= Holographic sensor =

A holographic sensor is a device that comprises a hologram embedded in a smart material that detects certain molecules or metabolites. This detection is usually a chemical interaction that is transduced as a change in one of the properties of the holographic reflection (as in the Bragg reflector), either refractive index or spacing between the holographic fringes. The specificity of the sensor can be controlled by adding molecules in the polymer film that selectively interacts with the molecules of interest.
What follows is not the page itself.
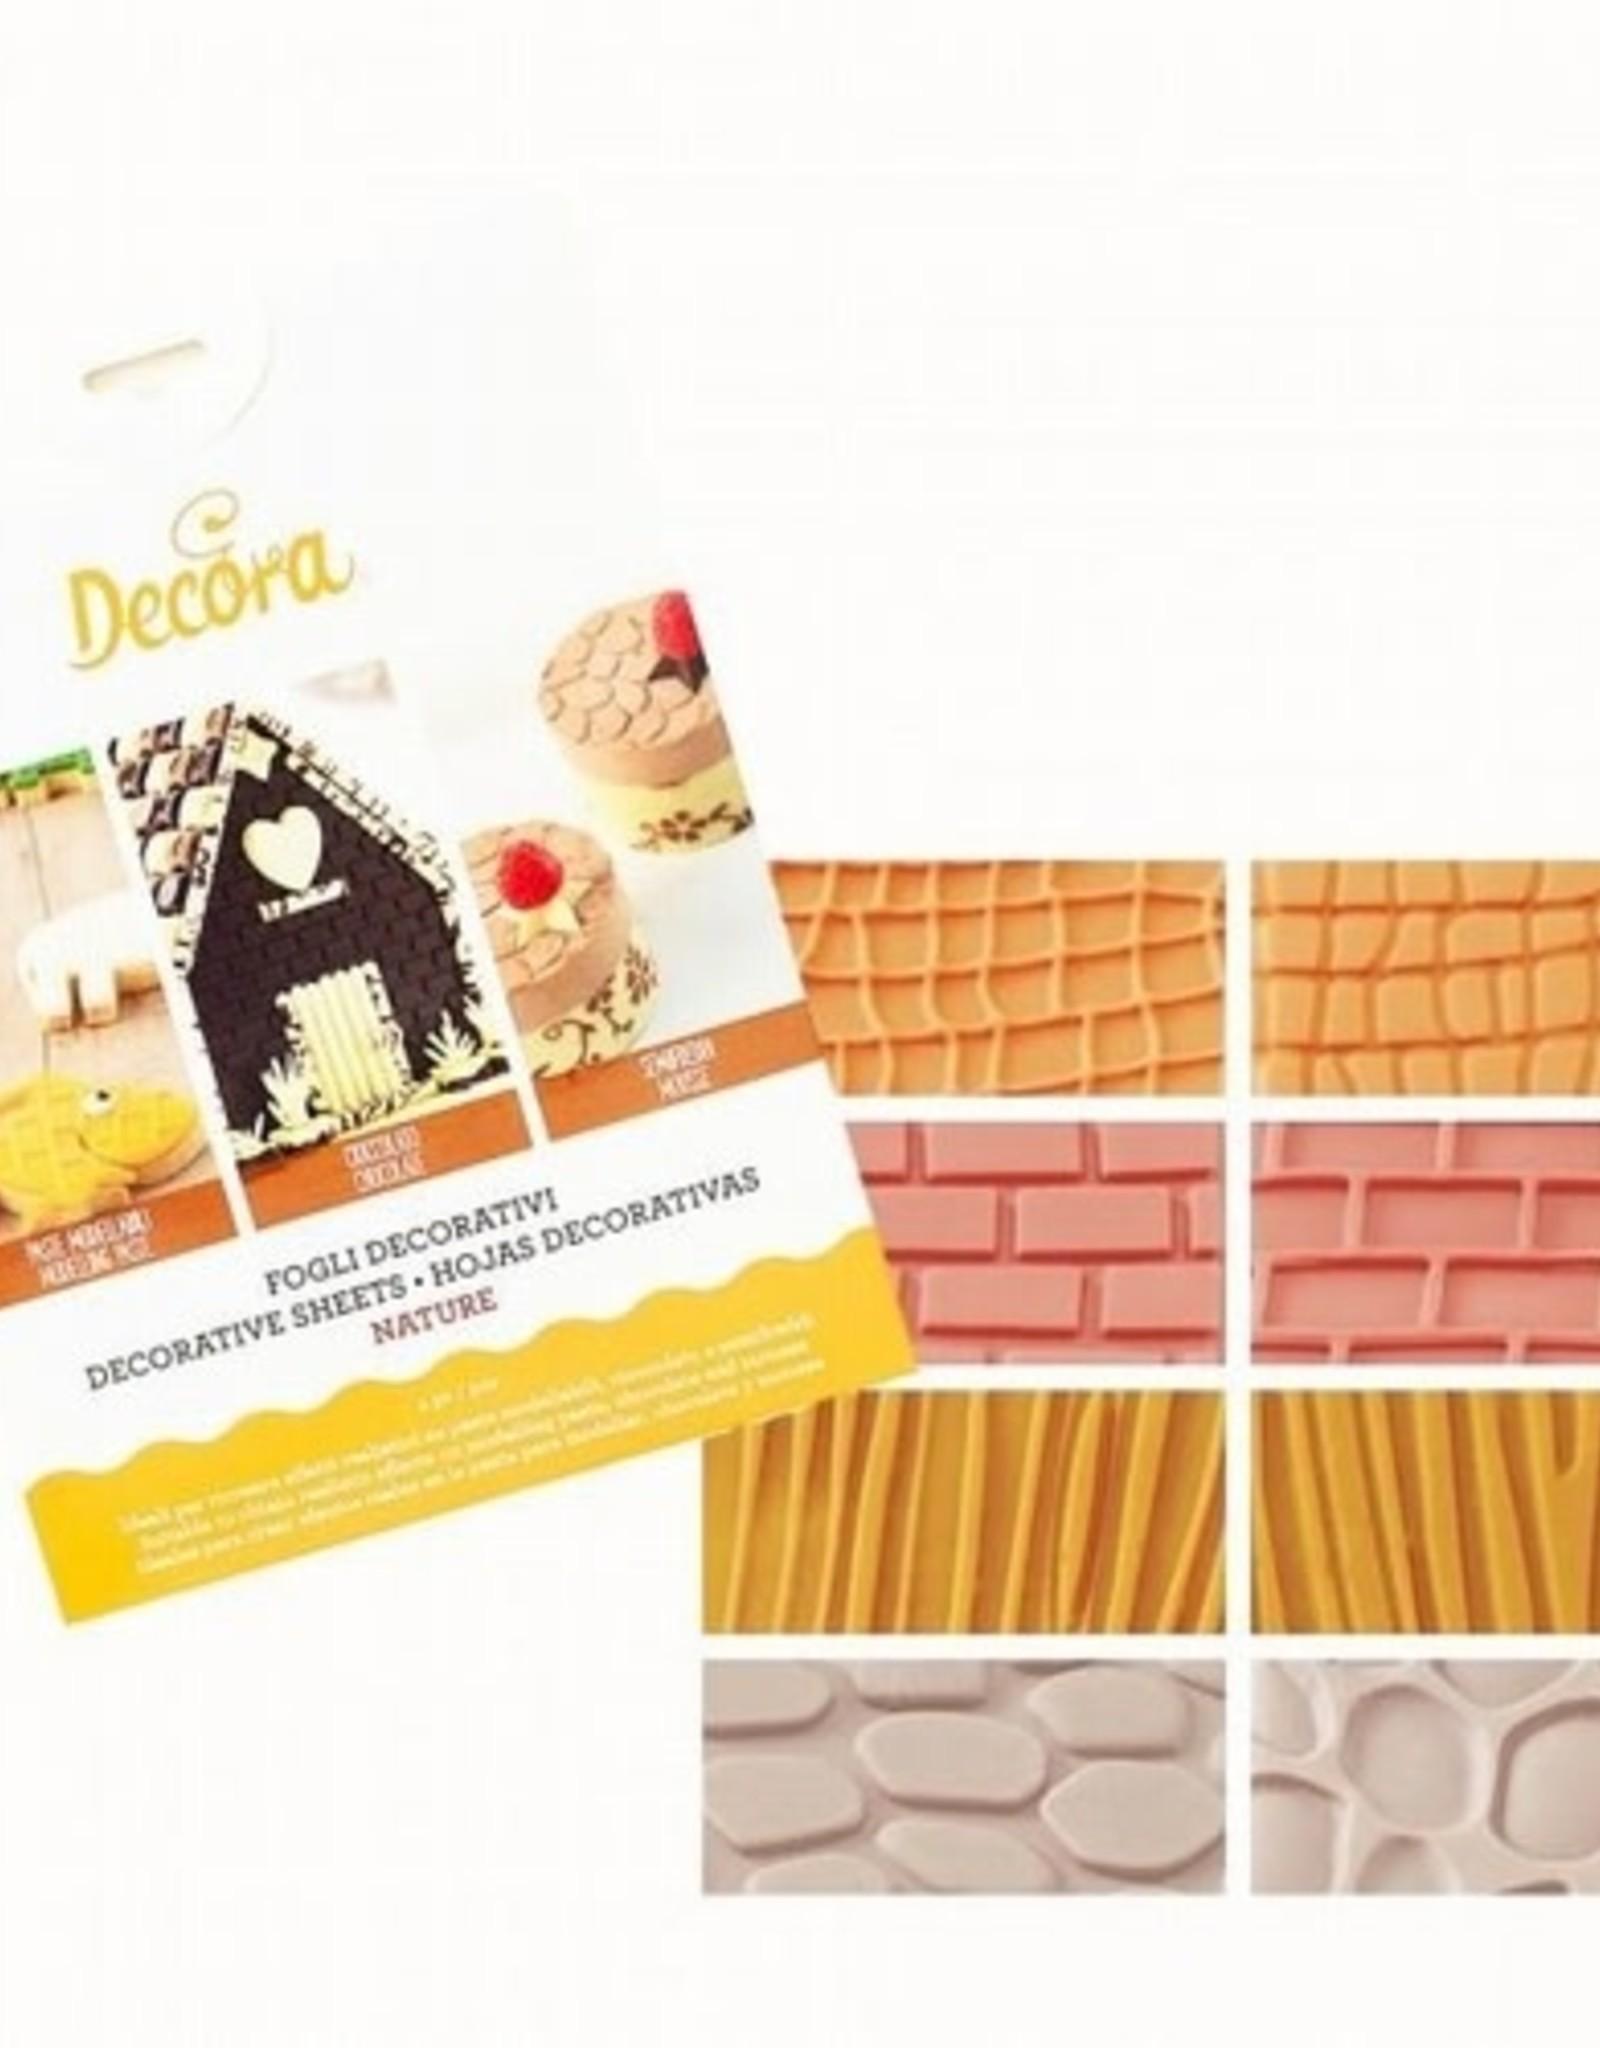 Decora Decora Decorative Sheets Set/4 Wall/Wood/Stone/Leather

A holographic sensor aims to integrate the sensor component, the transducer and the display in one device for fast reading of molecular concentrations based in colorful reflections or wavelengths.

Certain molecules that mimic biomolecule active sites or binding sites can be incorporated into the polymer that forms the holographic film in order to make the holographic sensors selective and/or sensitive to certain medical important molecules like glucose, etc.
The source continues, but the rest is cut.